**WHAT TO PRODUCE:** Among the entries below, please repeat exactly and only the lines from the line containing "Shah Rukh Khan in 2008" to the line containing "Gestuz - DacyGZ", both lines included.

Stored records
----

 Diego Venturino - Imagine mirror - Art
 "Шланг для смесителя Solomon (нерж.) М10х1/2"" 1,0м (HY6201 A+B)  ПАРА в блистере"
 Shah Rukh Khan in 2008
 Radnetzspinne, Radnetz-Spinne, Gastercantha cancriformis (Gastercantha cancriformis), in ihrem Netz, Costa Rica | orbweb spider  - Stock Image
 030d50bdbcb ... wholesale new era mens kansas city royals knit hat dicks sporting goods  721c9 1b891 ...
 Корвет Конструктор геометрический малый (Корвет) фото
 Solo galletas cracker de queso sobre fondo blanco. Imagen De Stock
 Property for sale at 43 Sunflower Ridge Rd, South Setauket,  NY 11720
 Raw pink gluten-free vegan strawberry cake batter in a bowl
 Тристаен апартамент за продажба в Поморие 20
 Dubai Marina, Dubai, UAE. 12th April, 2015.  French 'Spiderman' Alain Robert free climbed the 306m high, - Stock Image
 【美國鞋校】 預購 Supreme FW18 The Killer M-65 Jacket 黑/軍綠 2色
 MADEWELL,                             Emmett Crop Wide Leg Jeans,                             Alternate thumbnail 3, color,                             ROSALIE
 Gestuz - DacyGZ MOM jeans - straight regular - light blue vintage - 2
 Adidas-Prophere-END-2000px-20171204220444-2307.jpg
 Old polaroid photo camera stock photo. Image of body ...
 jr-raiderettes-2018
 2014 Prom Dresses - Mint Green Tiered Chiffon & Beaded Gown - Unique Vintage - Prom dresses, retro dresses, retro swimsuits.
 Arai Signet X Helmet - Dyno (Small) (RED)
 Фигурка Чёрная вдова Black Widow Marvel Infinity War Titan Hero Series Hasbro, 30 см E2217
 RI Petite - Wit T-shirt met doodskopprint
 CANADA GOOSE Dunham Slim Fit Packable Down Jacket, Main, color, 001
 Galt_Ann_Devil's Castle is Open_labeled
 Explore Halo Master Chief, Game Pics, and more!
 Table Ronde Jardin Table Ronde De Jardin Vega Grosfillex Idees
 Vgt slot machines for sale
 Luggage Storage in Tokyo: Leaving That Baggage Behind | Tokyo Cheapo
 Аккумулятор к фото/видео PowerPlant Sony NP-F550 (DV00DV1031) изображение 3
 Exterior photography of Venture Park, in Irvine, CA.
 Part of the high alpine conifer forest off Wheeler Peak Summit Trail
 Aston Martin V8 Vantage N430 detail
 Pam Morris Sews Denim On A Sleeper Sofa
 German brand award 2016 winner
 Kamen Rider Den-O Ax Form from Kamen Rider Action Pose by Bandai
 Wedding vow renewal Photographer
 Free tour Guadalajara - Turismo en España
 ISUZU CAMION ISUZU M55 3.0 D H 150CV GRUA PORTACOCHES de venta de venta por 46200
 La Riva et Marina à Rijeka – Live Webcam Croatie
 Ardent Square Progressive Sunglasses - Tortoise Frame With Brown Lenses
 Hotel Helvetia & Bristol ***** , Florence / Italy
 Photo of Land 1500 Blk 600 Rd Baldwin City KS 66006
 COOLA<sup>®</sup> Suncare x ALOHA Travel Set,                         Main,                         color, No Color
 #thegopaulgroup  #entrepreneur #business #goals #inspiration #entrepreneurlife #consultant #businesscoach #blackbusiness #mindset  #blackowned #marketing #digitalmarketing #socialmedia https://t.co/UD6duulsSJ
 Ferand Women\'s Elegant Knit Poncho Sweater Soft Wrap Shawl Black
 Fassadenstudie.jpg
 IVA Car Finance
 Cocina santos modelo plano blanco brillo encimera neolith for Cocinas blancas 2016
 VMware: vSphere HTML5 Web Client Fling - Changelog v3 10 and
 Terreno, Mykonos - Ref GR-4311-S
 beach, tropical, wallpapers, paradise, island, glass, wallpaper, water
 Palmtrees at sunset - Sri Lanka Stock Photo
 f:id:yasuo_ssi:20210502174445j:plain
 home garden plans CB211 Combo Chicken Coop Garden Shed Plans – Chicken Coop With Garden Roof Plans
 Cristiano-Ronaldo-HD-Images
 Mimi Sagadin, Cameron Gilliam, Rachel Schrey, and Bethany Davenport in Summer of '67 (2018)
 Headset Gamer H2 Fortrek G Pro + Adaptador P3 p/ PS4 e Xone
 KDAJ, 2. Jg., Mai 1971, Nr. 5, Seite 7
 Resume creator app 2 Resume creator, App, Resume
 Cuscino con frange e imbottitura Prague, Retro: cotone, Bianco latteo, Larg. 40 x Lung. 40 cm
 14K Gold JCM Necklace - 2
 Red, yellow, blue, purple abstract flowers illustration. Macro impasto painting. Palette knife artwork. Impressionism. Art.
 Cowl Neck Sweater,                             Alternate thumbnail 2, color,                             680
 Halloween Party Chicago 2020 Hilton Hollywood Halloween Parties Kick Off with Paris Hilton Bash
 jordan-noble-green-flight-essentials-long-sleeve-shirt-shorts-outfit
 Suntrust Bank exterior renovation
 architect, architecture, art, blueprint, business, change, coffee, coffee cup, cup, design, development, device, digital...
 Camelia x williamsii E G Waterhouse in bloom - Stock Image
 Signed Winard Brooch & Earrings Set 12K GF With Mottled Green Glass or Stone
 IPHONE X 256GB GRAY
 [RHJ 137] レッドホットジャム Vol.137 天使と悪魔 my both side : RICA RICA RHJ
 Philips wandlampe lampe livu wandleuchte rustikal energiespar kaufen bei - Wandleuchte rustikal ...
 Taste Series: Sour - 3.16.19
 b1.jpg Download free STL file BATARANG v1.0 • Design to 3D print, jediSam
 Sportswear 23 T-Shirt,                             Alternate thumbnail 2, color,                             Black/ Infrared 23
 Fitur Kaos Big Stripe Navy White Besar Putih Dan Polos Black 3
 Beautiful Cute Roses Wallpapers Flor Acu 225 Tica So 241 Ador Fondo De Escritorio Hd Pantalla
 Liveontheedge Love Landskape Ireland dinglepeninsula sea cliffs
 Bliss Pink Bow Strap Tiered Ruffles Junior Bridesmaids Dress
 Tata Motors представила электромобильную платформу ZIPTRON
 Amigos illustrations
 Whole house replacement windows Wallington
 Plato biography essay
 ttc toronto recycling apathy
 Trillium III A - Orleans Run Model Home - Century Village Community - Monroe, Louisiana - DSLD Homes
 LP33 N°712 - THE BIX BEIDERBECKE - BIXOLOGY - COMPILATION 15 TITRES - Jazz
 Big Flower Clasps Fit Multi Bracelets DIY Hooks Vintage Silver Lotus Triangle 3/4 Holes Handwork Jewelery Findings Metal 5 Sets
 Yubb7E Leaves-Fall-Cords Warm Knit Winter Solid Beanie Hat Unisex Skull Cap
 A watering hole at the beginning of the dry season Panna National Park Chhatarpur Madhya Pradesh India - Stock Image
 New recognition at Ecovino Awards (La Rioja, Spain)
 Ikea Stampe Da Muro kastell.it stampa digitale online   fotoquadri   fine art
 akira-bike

----

**TASK OUTPUT:**
 Shah Rukh Khan in 2008
 Radnetzspinne, Radnetz-Spinne, Gastercantha cancriformis (Gastercantha cancriformis), in ihrem Netz, Costa Rica | orbweb spider  - Stock Image
 030d50bdbcb ... wholesale new era mens kansas city royals knit hat dicks sporting goods  721c9 1b891 ...
 Корвет Конструктор геометрический малый (Корвет) фото
 Solo galletas cracker de queso sobre fondo blanco. Imagen De Stock
 Property for sale at 43 Sunflower Ridge Rd, South Setauket,  NY 11720
 Raw pink gluten-free vegan strawberry cake batter in a bowl
 Тристаен апартамент за продажба в Поморие 20
 Dubai Marina, Dubai, UAE. 12th April, 2015.  French 'Spiderman' Alain Robert free climbed the 306m high, - Stock Image
 【美國鞋校】 預購 Supreme FW18 The Killer M-65 Jacket 黑/軍綠 2色
 MADEWELL,                             Emmett Crop Wide Leg Jeans,                             Alternate thumbnail 3, color,                             ROSALIE
 Gestuz - DacyGZ MOM jeans - straight regular - light blue vintage - 2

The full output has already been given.